What to work on -
In the records below, find the line with "Outback Trading Company", then copy each line exactly until you have copied the line with "Tiny Glam loop". Leave any picture out.

Given records -
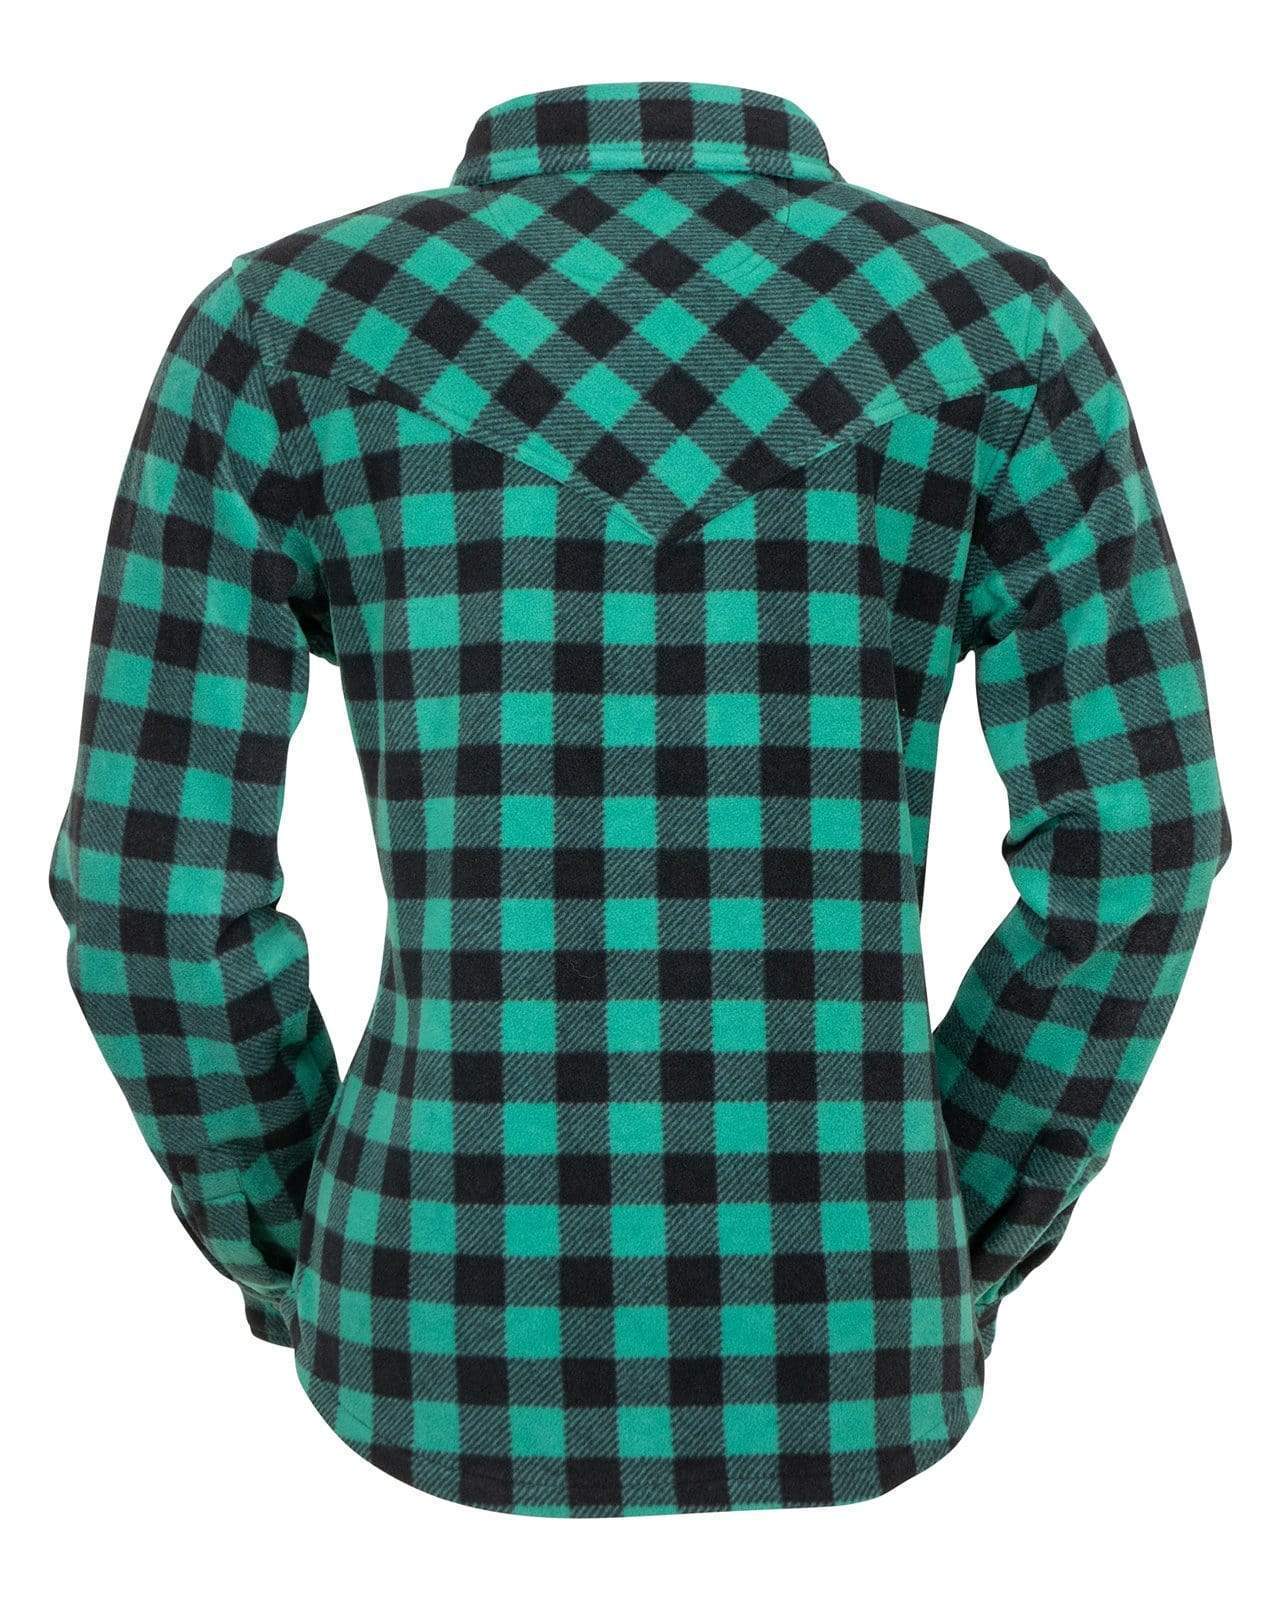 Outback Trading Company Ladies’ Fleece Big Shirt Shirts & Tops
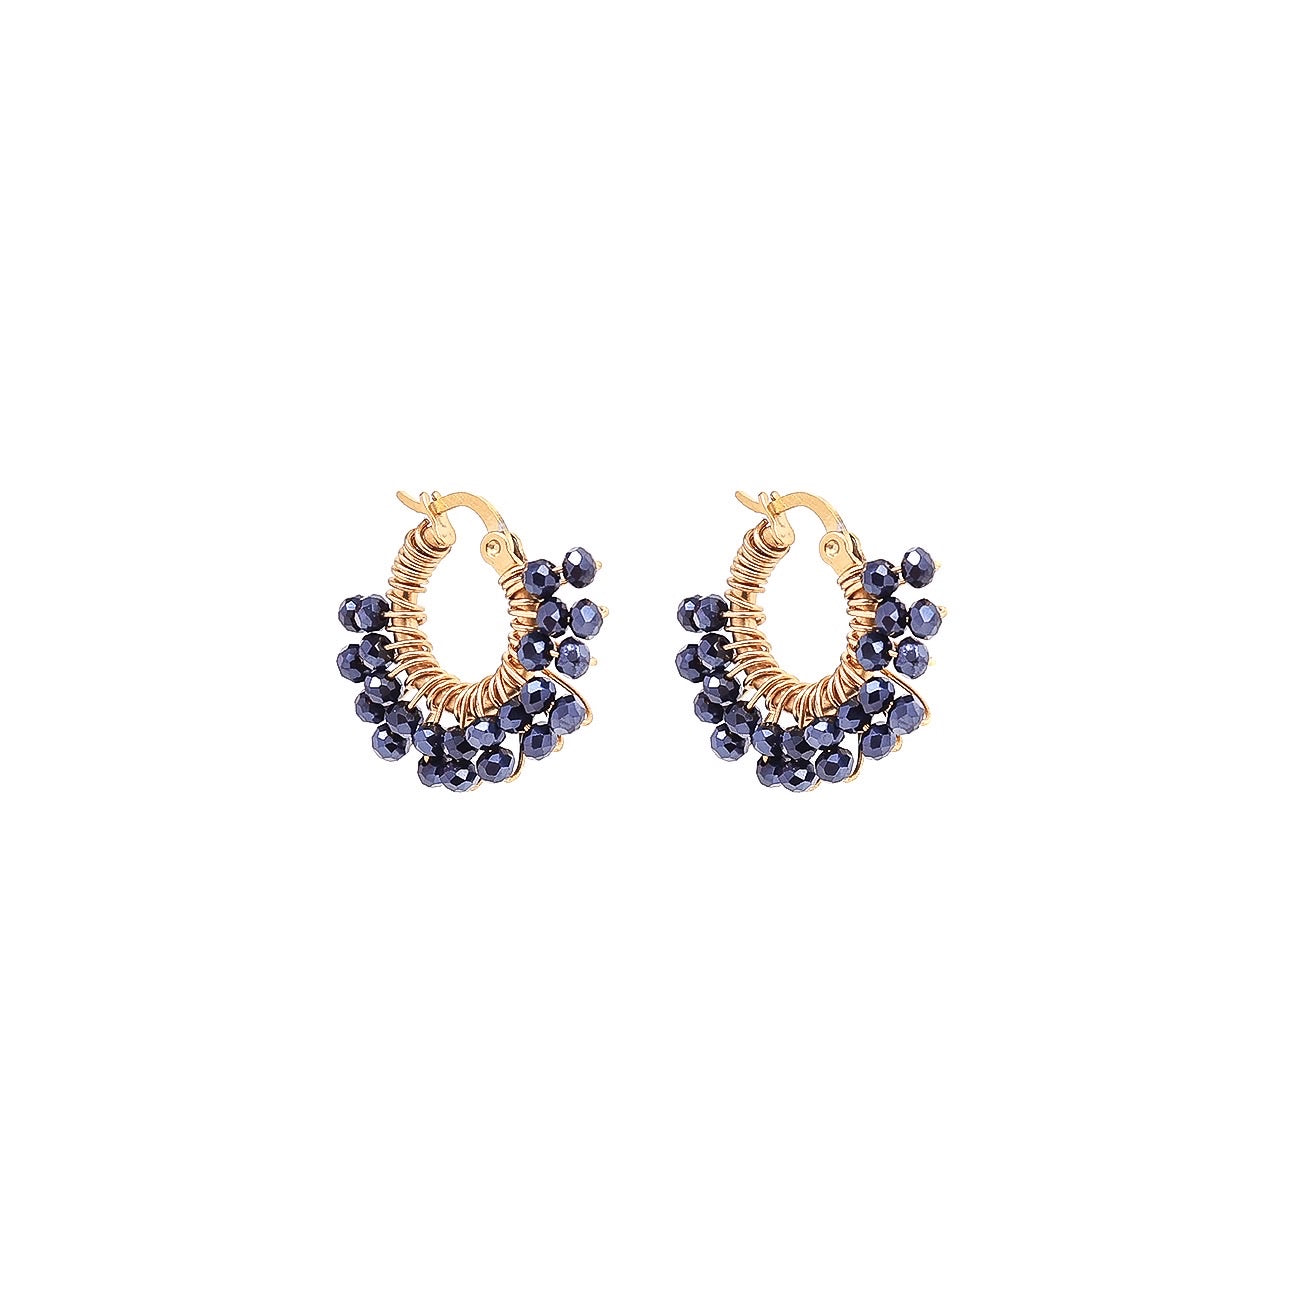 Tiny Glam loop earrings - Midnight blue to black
--
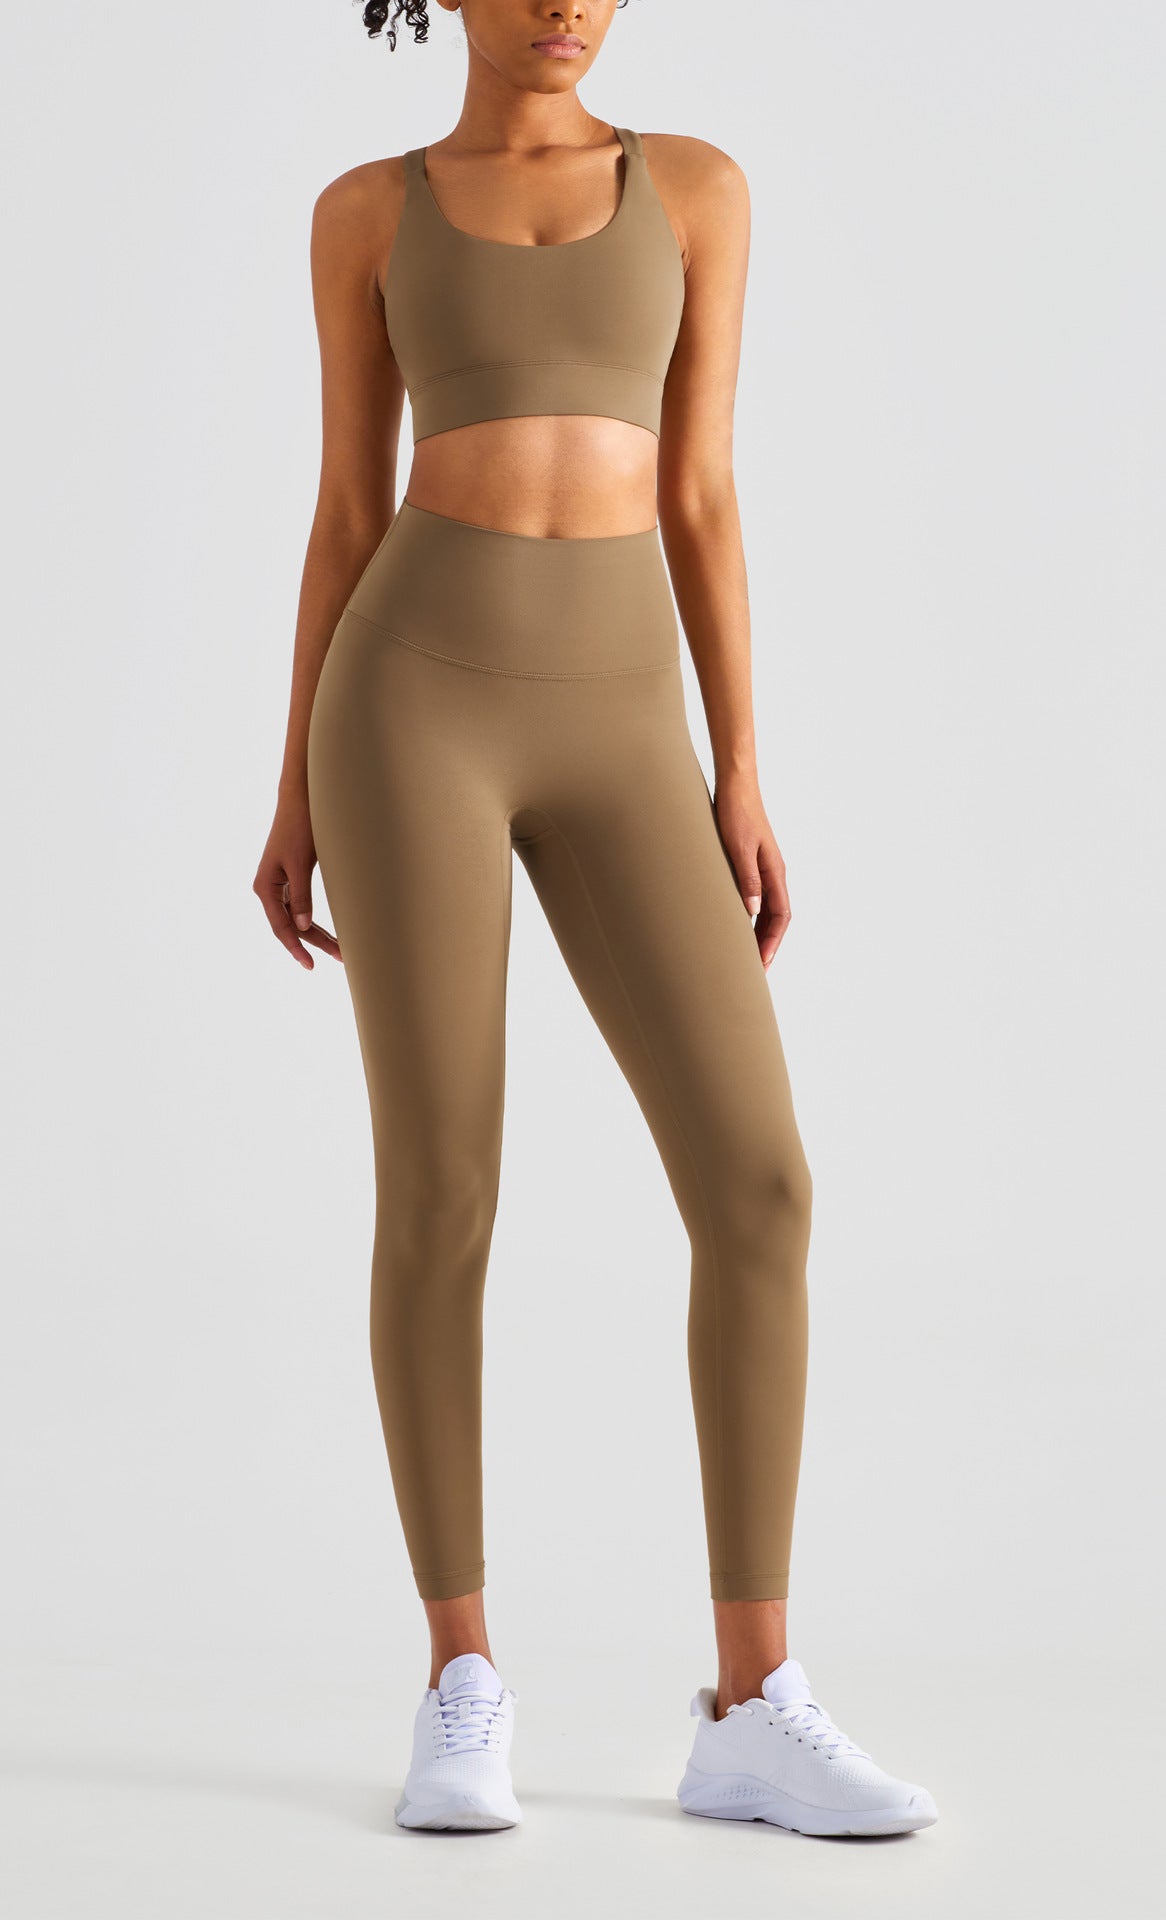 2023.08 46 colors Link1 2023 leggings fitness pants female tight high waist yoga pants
* * *
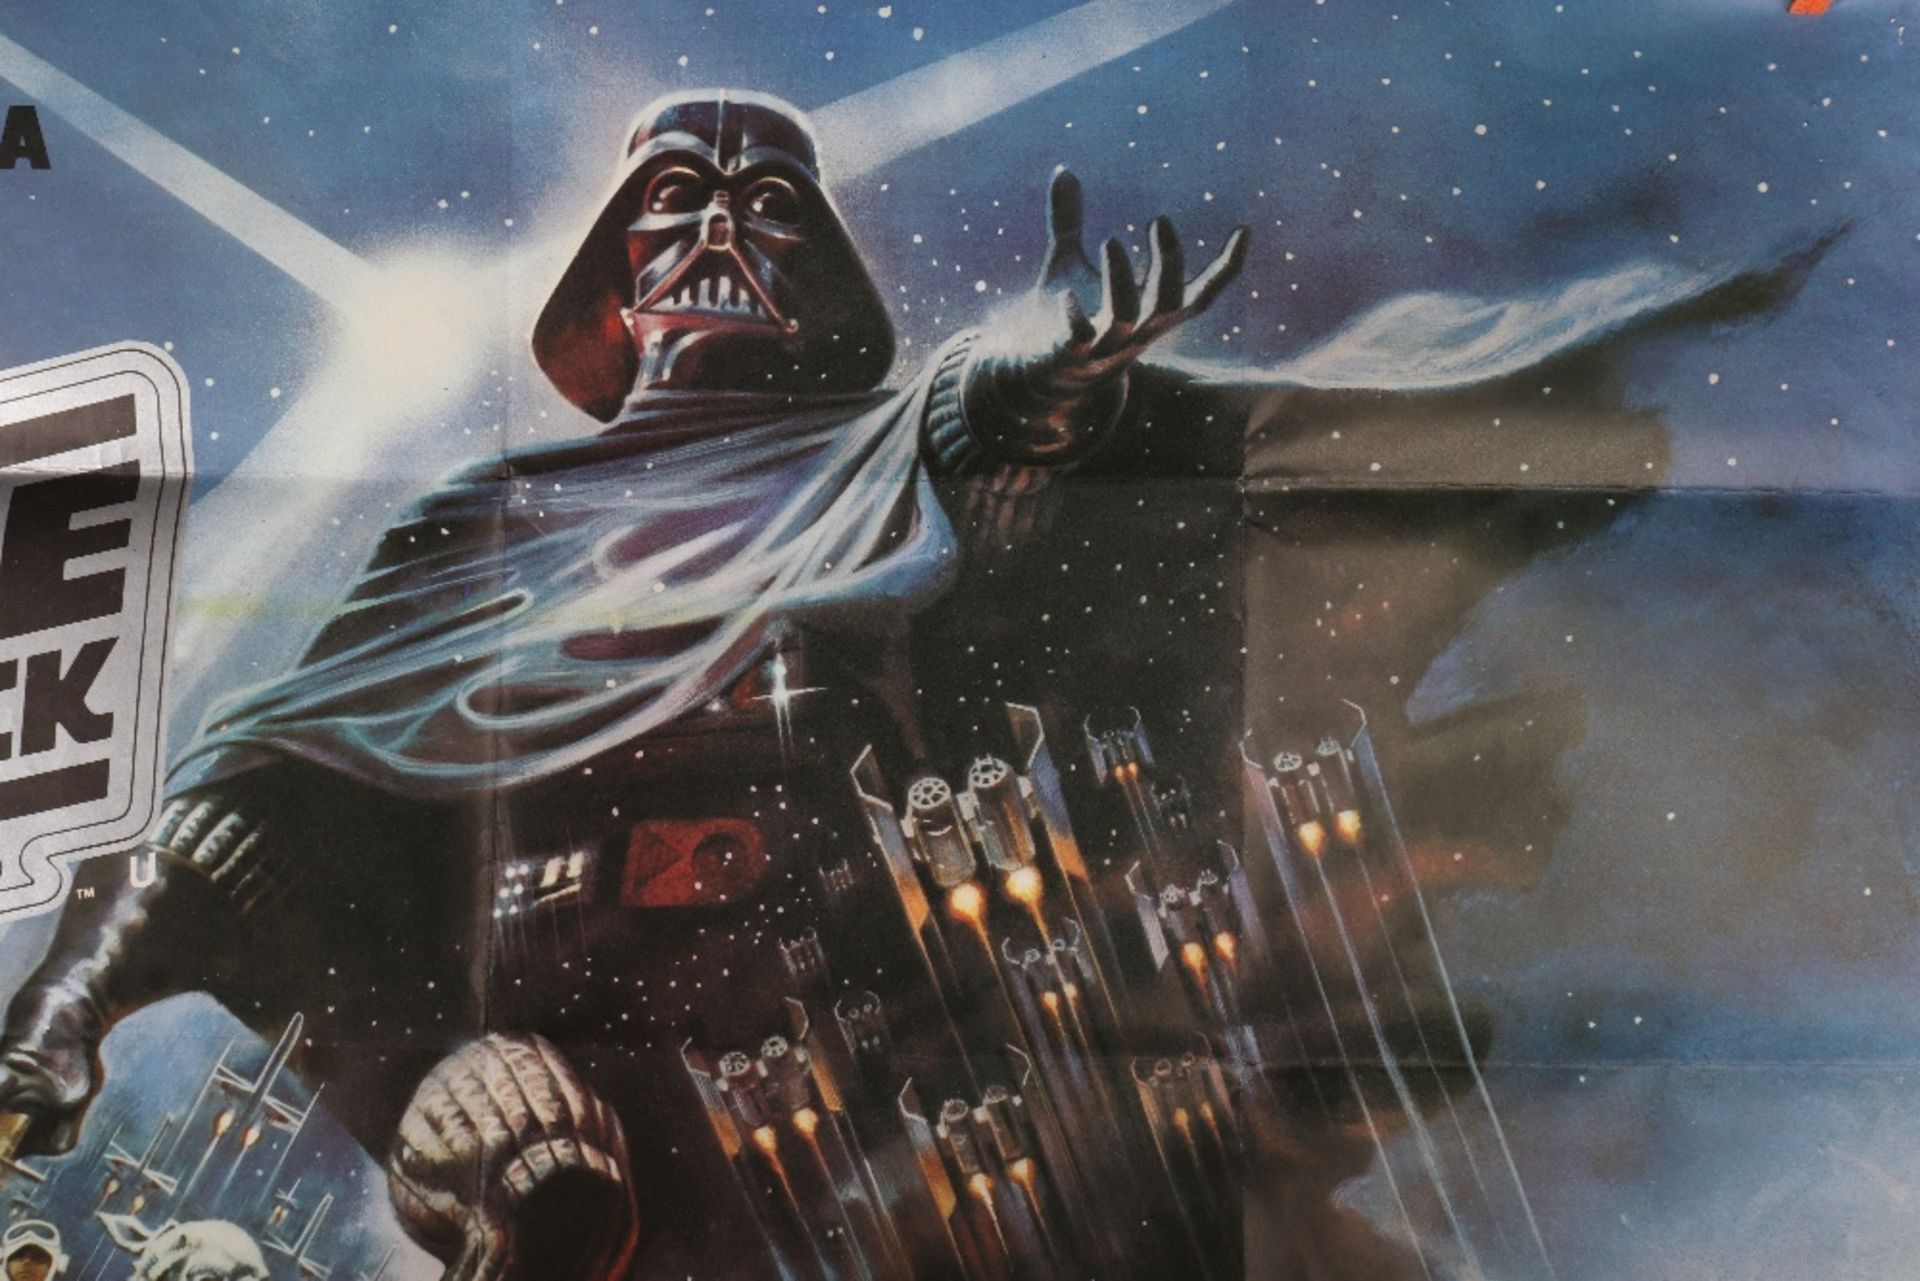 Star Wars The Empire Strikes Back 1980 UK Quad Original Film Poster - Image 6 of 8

Response area -
 Outback Trading Company Ladies’ Fleece Big Shirt Shirts & Tops
 Tiny Glam loop earrings - Midnight blue to black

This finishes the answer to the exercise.